BUG: unable to handle kernel paging request at ffff880826393000
IP: [<ffffffff812cbde9>] __list_del_entry+0x29/0xd0
PGD 2972067 PUD 2975067 PMD 83feaf067 PTE 8000000826393060
Oops: 0000 [#1] SMP DEBUG_PAGEALLOC
Modules linked in: vxlan(F-) ipip(F) ip_gre gre(F) xfrm4_tunnel
tunnel4 ip_tunnel(F) netconsole configfs bnx2fc cnic uio fcoe libfcoe
libfc scsi_transport_fc 8021q scsi_tgt garp stp llc sunrpc ipt_REJECT
ip6t_REJECT nf_conntrack_ipv6 nf_defrag_ipv6 xt_state nf_conntrack
ip6table_filter ip6_tables ipv6 freq_table mperf kvm_intel kvm
crc32c_intel ghash_clmulni_intel aesni_intel ablk_helper cryptd lrw
gf128mul glue_helper aes_x86_64 microcode pcspkr bnx2x libcrc32c ses
enclosure shpchp sg lpc_ich mfd_core ixgbe mdio igb dca i2c_algo_bit
i2c_core ptp pps_core wmi ext4(F) jbd2(F) mbcache(F) sd_mod(F)
crc_t10dif(F) ahci(F) libahci(F) megaraid_sas(F) dm_mirror(F)
dm_region_hash(F) dm_log(F) dm_mod(F) [last unloaded: vxlan]
CPU: 6 PID: 12843 Comm: rmmod Tainted: GF            3.10.0-rc6+ #4
Hardware name: Dell Inc.
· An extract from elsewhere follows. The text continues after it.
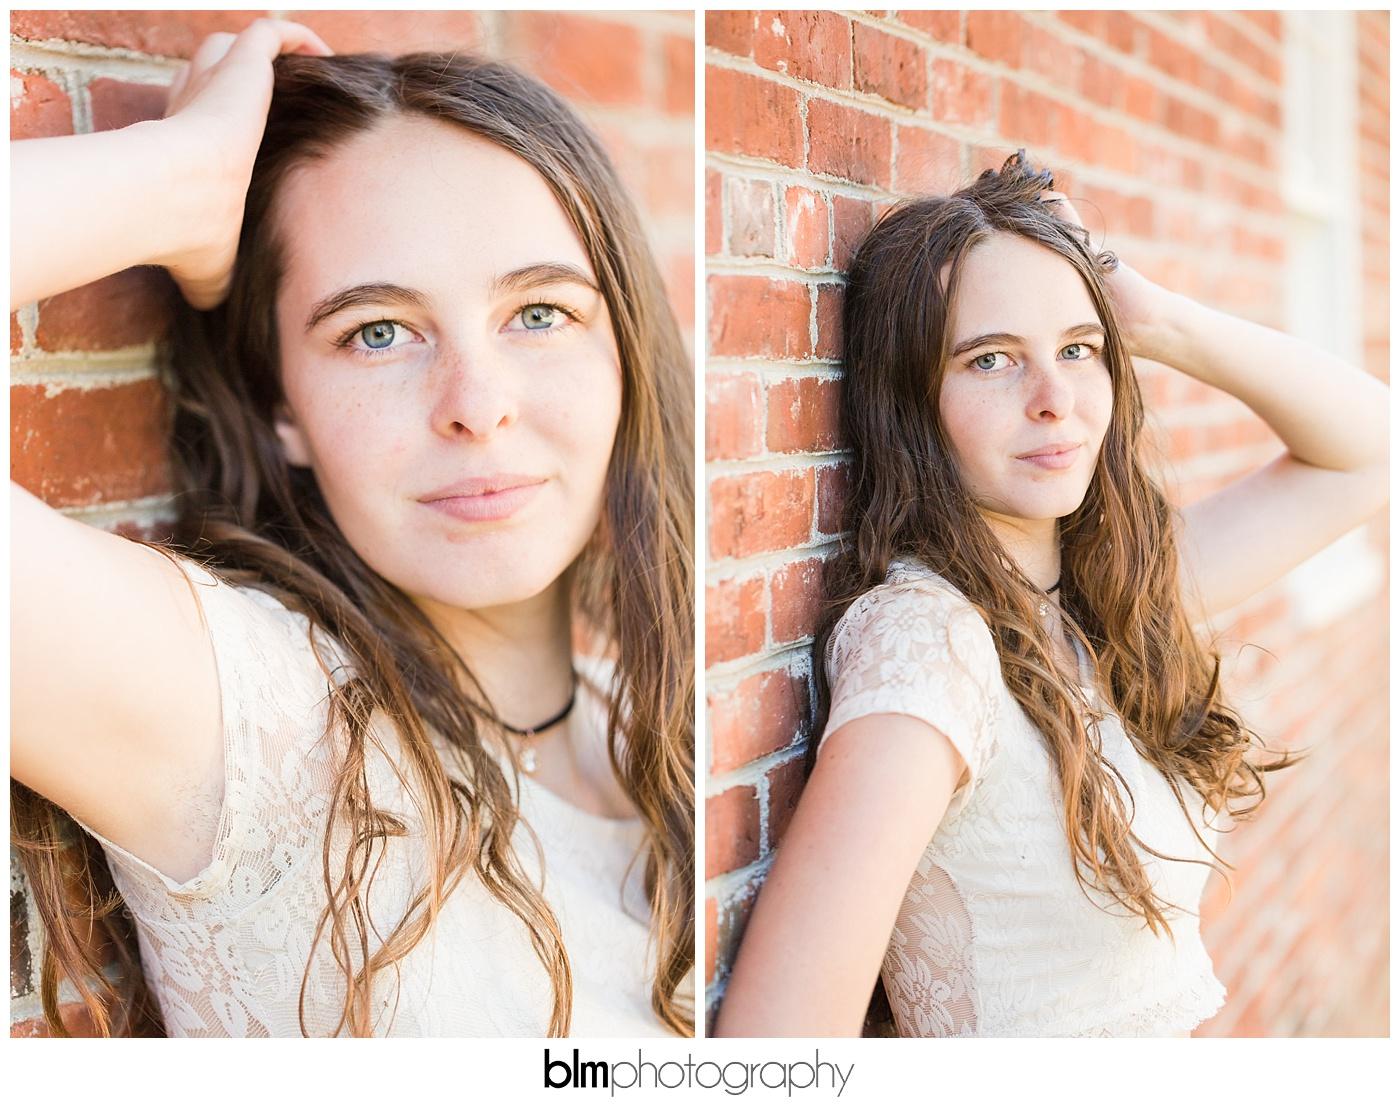 Carly-Cresta_Senior-Portraits_091516-2641.jpg

PowerEdge R620/0KCKR5, BIOS 1.4.8 10/25/2012
task: ffff88040ce34ec0 ti: ffff880413c78000 task.ti: ffff880413c78000
RIP: 0010:[<ffffffff812cbde9>]  [<ffffffff812cbde9>] __list_del_entry+0x29/0xd0
RSP: 0018:ffff880413c79e08  EFLAGS: 00010206
RAX: ffff880826393000 RBX: ffff880803602b10 RCX: dead000000200200
RDX: ffff880826393000 RSI: ffff880413c79e58 RDI: ffff880803602b10
RBP: ffff880413c79e08 R08: 0000000000000001 R09: 2222222222222222
R10: 2222222222222222 R11: 2222222222222222 R12: ffff880413c79e58
R13: ffffffffa0840840 R14: ffffffff81ae4800 R15: ffff880413c79e58
FS:  00007f404be92700(0000) GS:ffff88042e400000(0000) knlGS:0000000000000000
CS:  0010 DS: 0000 ES: 0000 CR0: 0000000080050033
CR2: ffff880826393000 CR3: 000000080555a000 CR4: 00000000000407e0
DR0: 0000000000000000 DR1: 0000000000000000 DR2: 0000000000000000
DR3: 0000000000000000 DR6: 00000000ffff0ff0 DR7: 0000000000000400
Stack:
 ffff880413c79e28 ffffffff812cbea1 2222222222222222 ffff880803602000
 ffff880413c79e48 ffffffffa083b311 ffff880803602000 ffffffff81ae4908
 ffff880413c79e98 ffffffff81492122 ffff880413c79e58 ffff880413c79e58
Call Trace:
 [<ffffffff812cbea1>] list_del+0x11/0x40
 [<ffffffffa083b311>] vxlan_dellink+0x51/0x70 [vxlan]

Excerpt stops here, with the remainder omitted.